Na prática, o que isso significa para quem for ao show de 15 de março no México? Significa encontrar uma proposta austera, melancólica e, às vezes, afiada, onde as músicas recentes — Thrice, The Liquid Eye, In the Event Of, Wind of No Change — não soam como um ensaio, mas como parte do núcleo do espetáculo; elas são interpretadas com segurança, volume controlado e uma atmosfera que privilegia a densidade emocional acima do riff fácil. Essa decisão artística ficou evidente nas críticas de salas e festivais: em shows em clubes, o público se mostra mais contido, atento e quase cerimonial, enquanto em festivais o mesmo repertório ganha volume coletivo e resposta massiva — ou seja, o material novo funciona em diferentes contextos, mas é apreciado de forma diferente dependendo do tipo de público presente.

Os relatos das datas recentes também revelam uma tendência clara na estratégia do setlist: o Katatonia preferiu construir noites centradas em sua carreira pós-2000, mostrando pouca presença dos primeiros anos e dedicando espaço a peças longas e trabalhadas de seu período mais recente. Essa escolha dá coesão à noite — é como se a banda dissesse “hoje falamos a partir deste lugar emocional” e não “vamos pular por décadas” —, mas ao mesmo tempo gerou algumas críticas entre os fãs que esperavam mais clássicos antigos.

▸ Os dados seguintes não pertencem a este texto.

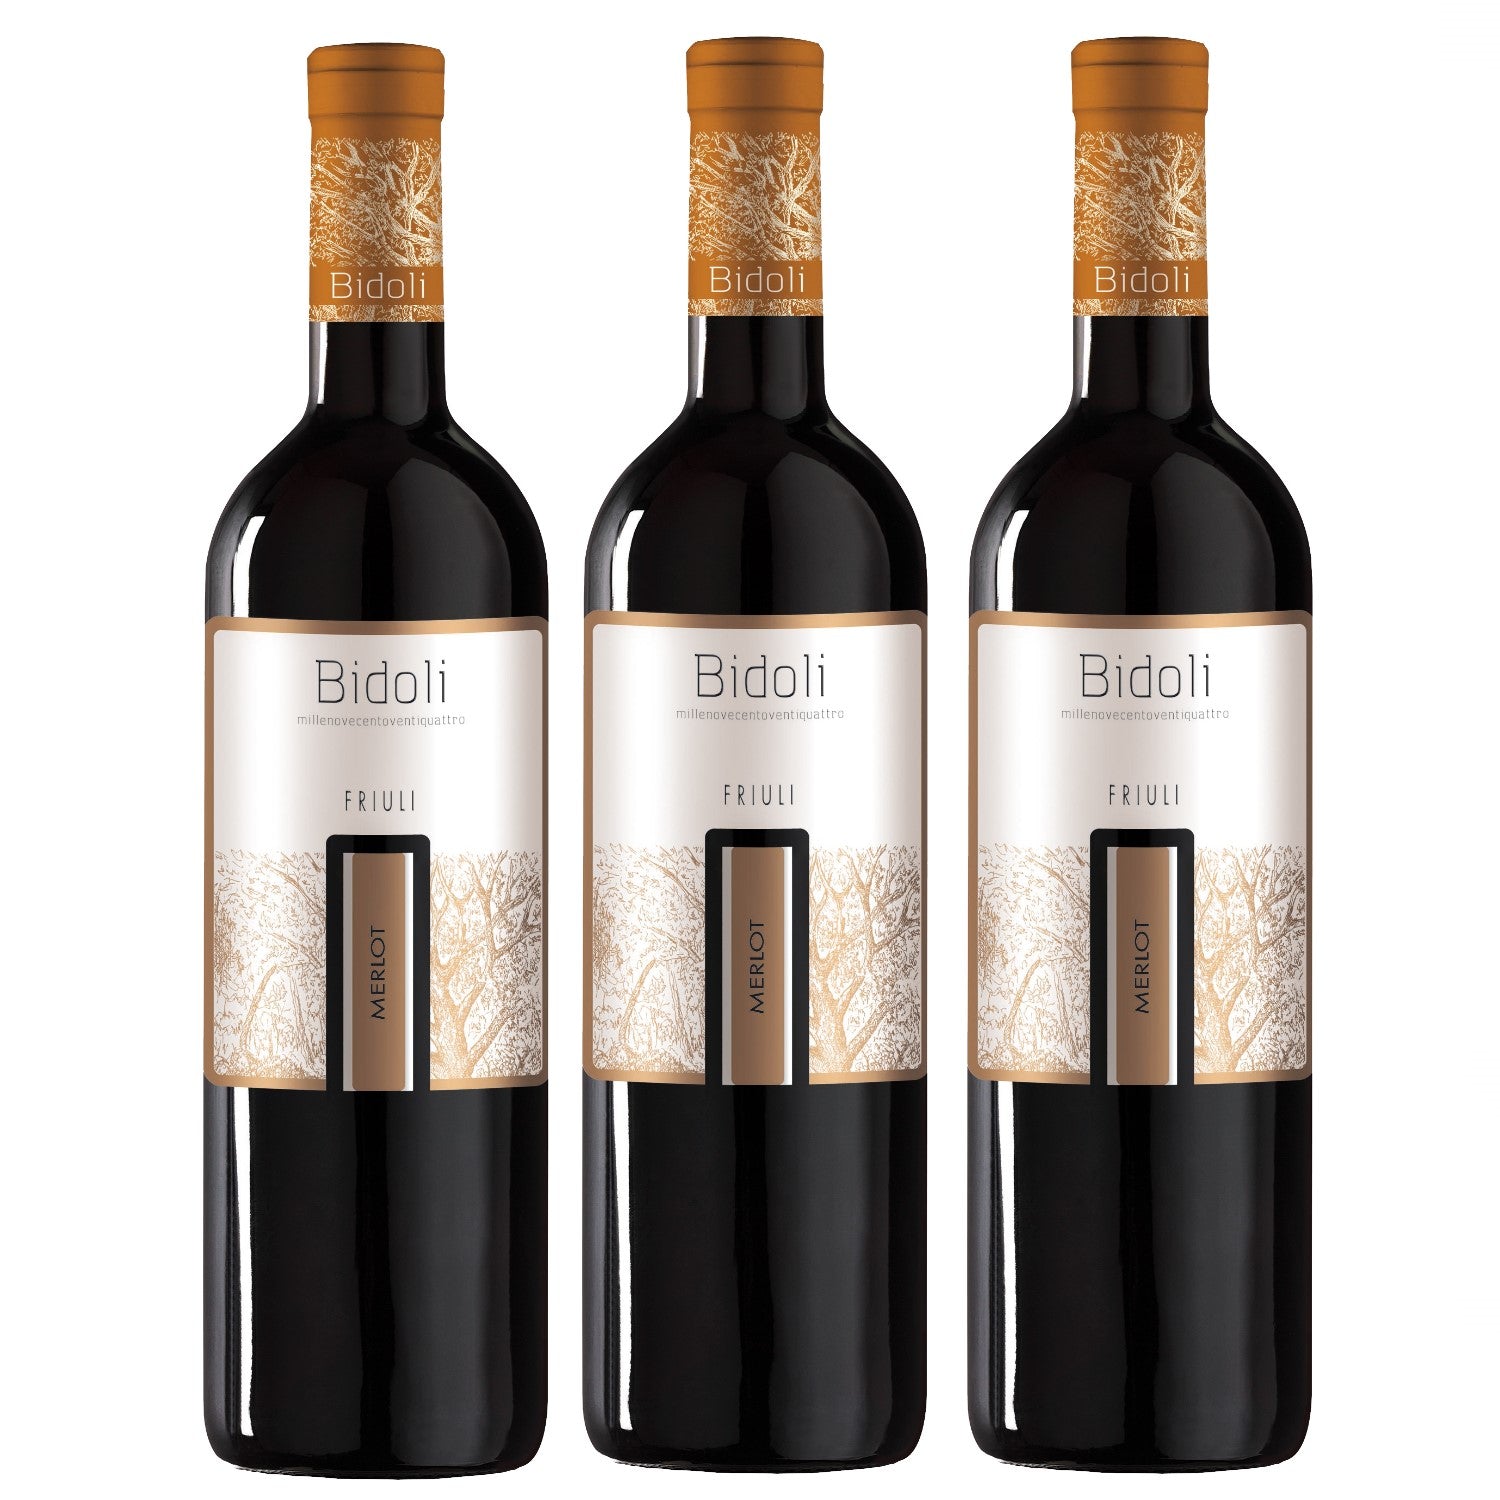 Bidoli Vini Merlot DOC Friuli Grave Rotwein Wein trocken Italien (3 x 0.75l) - Versanel -

Várias crônicas destacam que, mesmo que alguns participantes fiquem com vontade de ouvir relíquias antigas, o resultado é uma experiência homogênea e íntima: luzes contidas, uma interpretação matizada e um foco absoluto na narrativa sonora do álbum.
Se buscarmos as músicas do novo álbum que melhor funcionaram ao vivo, há um consenso parcial entre críticos e participantes: Thrice e The Liquid Eye funcionam como âncoras poderosas — têm dinâmica e gancho —; Wind of No Change é a que mais tende a transformar a sala. Algumas noites, músicas como Falling from the Sun ou Cold Dreams surpreenderam por sua capacidade de alternar fúria contida com passagens expansivas, o que abre a porta para momentos de catarse bem medidos. Essas músicas já aparecem regularmente em palcos em cidades como Manchester, Londres, Estocolmo e Colônia.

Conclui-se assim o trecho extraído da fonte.